Description of problem:
Updating my system with KPackageKit and PackageKit-zif, I got the following warning:
The package cups-pk-helper-0.1.3-2.fc15.x86_64 (updates) is untrusted.
Why does it think an official update is untrusted? (And if it really thinks the package is untrusted, why can it be updated to without the root password?)
Version-Release number of selected component (if applicable):
(The KPackageKit build is the same as the official kpackagekit-0.6.3.3-2.fc15 except that I backported my Plasma services patch.)
I don't know.
Steps to Reproduce:
1. Update your system using KPackageKit.
Warning about untrusted package.
No warning about untrusted package (unless something's really wrong with the signature, in which case I expect an error or an authentication prompt).
This seems always reproducible, today's updates were also claimed to be untrusted.
Yup, there's a logic bug in pk-backend-zif.c -- basically the result from zif_package_get_trust_kind() is only valid after zif_transaction_prepare() has been called.
I'll have to work something out so we can have the same behavior as the yum backend, where we take the hack of repo trust to be an early return to the trusted, and a proper trusted check when the packages have actually been downloaded.
You need a new zif (from master) and a new PK (from master) unfortunately.
Author: Richard Hughes <email@example.com>
Date: Thu Sep 22 12:16:16 2011 +0100
zif: Do not always ask for untrusted authentication for trusted repos
Packages are only marked ZIF_PACKAGE_TRUST_KIND_PUBKEY after the transaction has
been prepared (and the packages downloaded), and until then the trust is
From Zif 0.2.4 (commit 48691cfee89e90b90d469d62f29ac335430970be) they will be
set to either ZIF_PACKAGE_TRUST_KIND_PUBKEY_UNVERIFIED when the repo has public
key support, or ZIF_PACKAGE_TRUST_KIND_NONE if the repo does not.

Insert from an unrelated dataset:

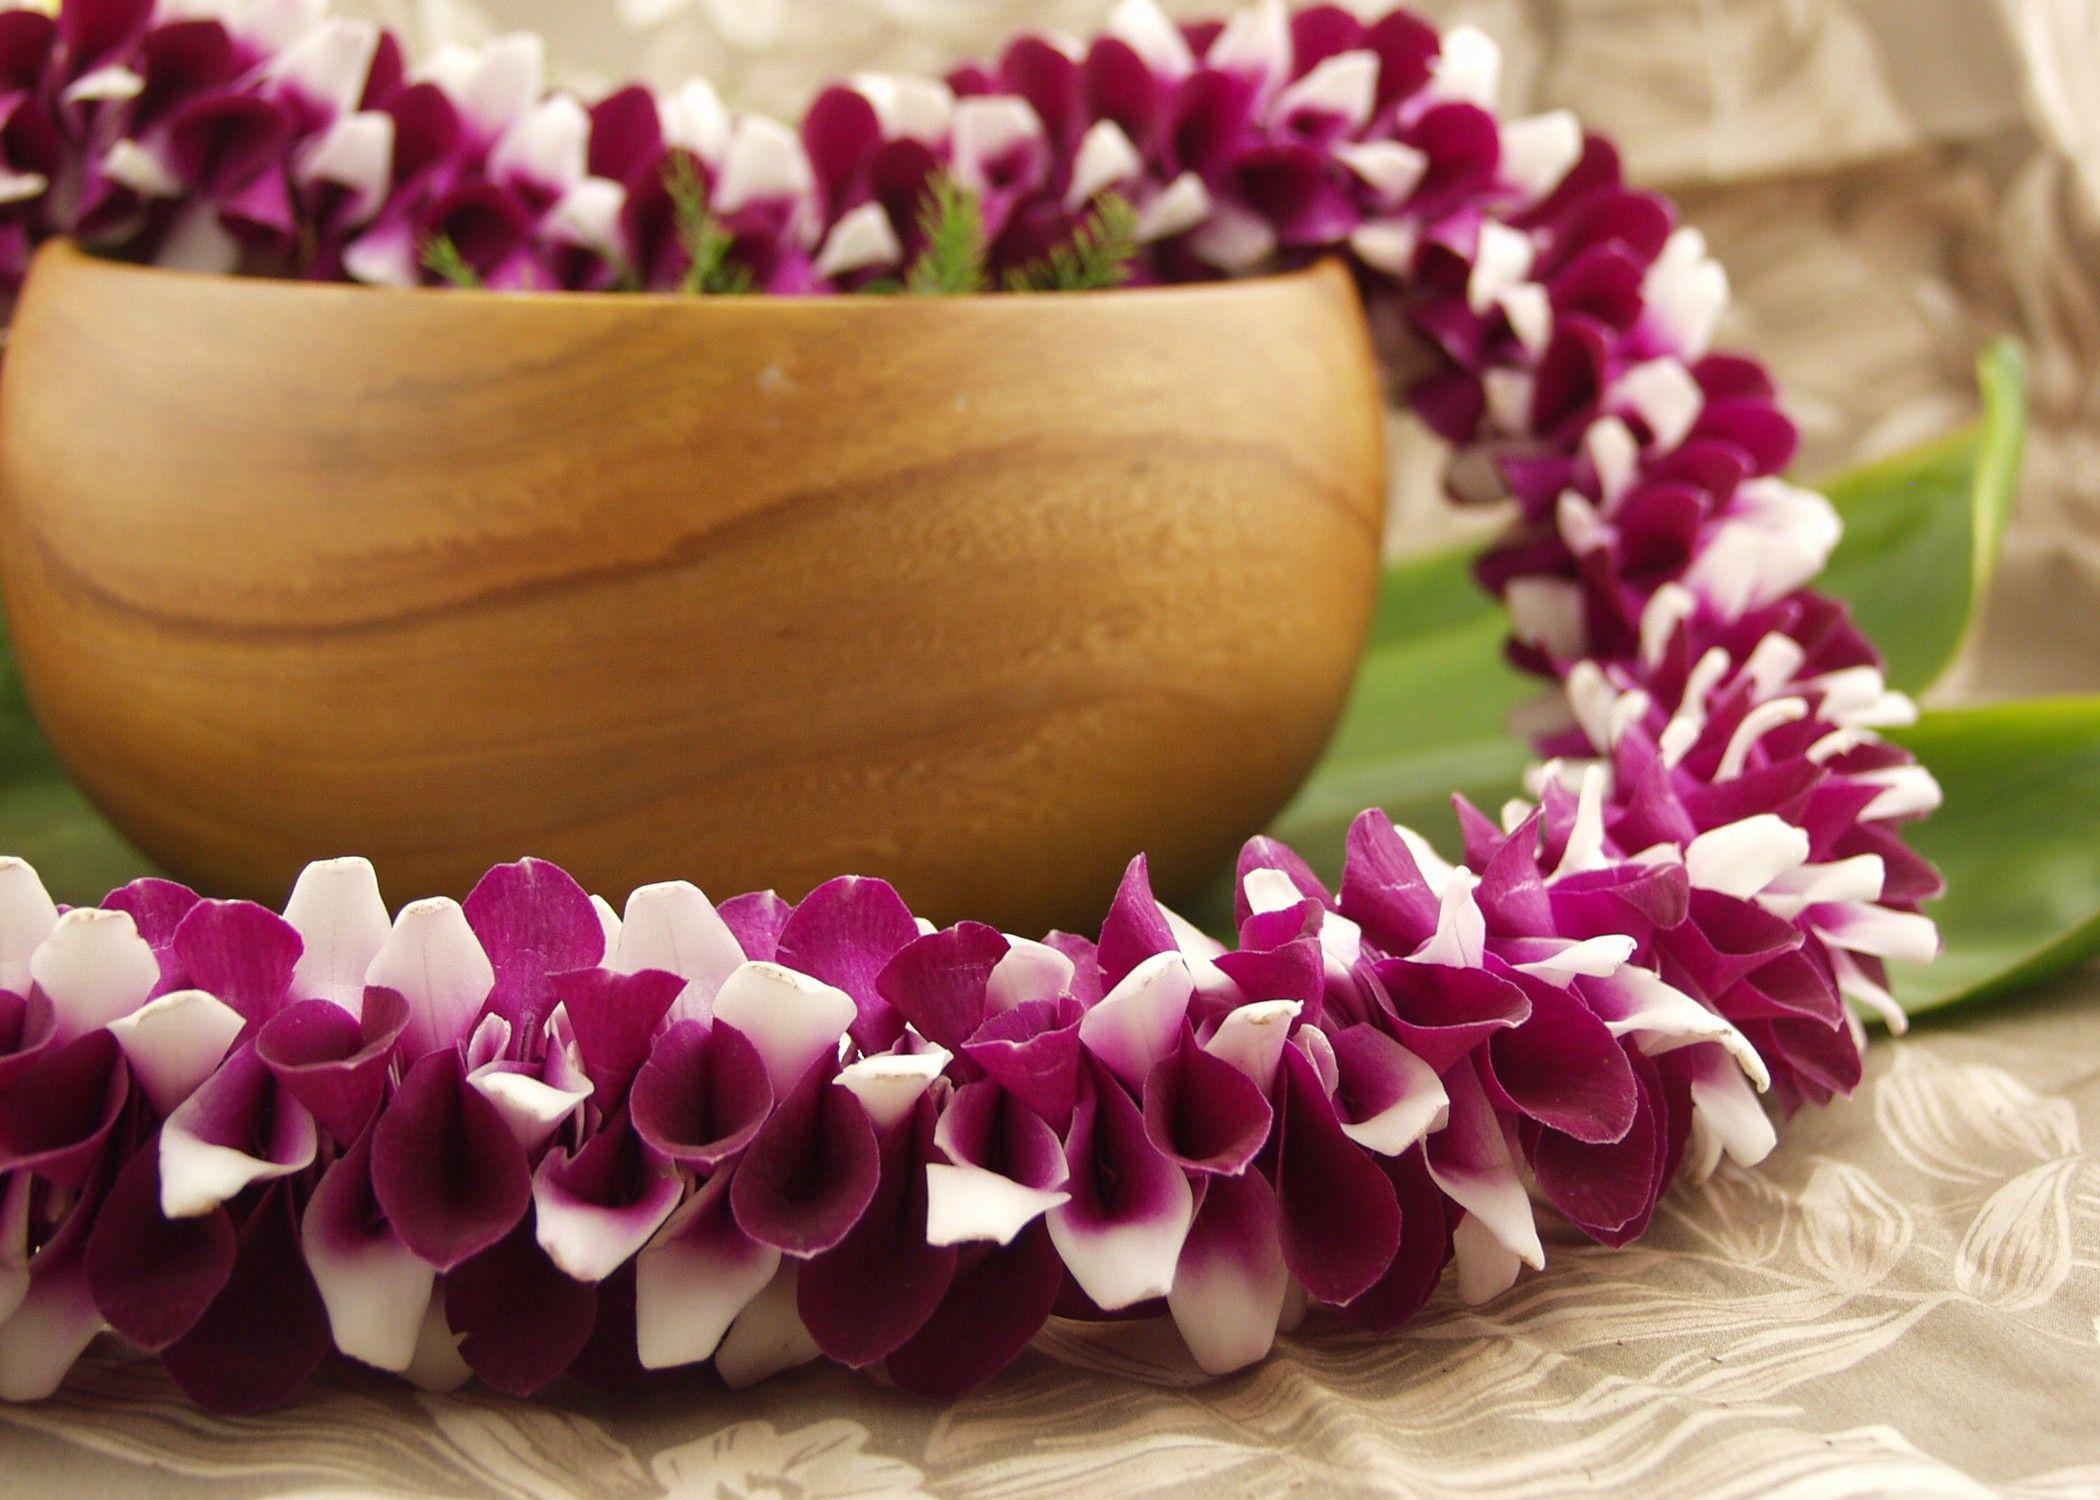 Pin by asayo on lei pinterest image search mixed double lei hawaiian thehawaiian flowershawaiian izmirmasajfo Gallery

This allows us to skip the transaction straight to only_trusted=FALSE for
transactions involving untrusted packages after simulate which avoids the double
After the packages are downloaded we have either ZIF_PACKAGE_TRUST_KIND_PUBKEY
or ZIF_PACKAGE_TRUST_KIND_NONE and this allows us to fail the transaction in
the normal way prompting a warning dialog like the the yum backend does.
Looks like I need to somehow upgrade the PackageKit (or at least the zif backend) in my repo too, or backport the changes somehow. I'll see what I can do.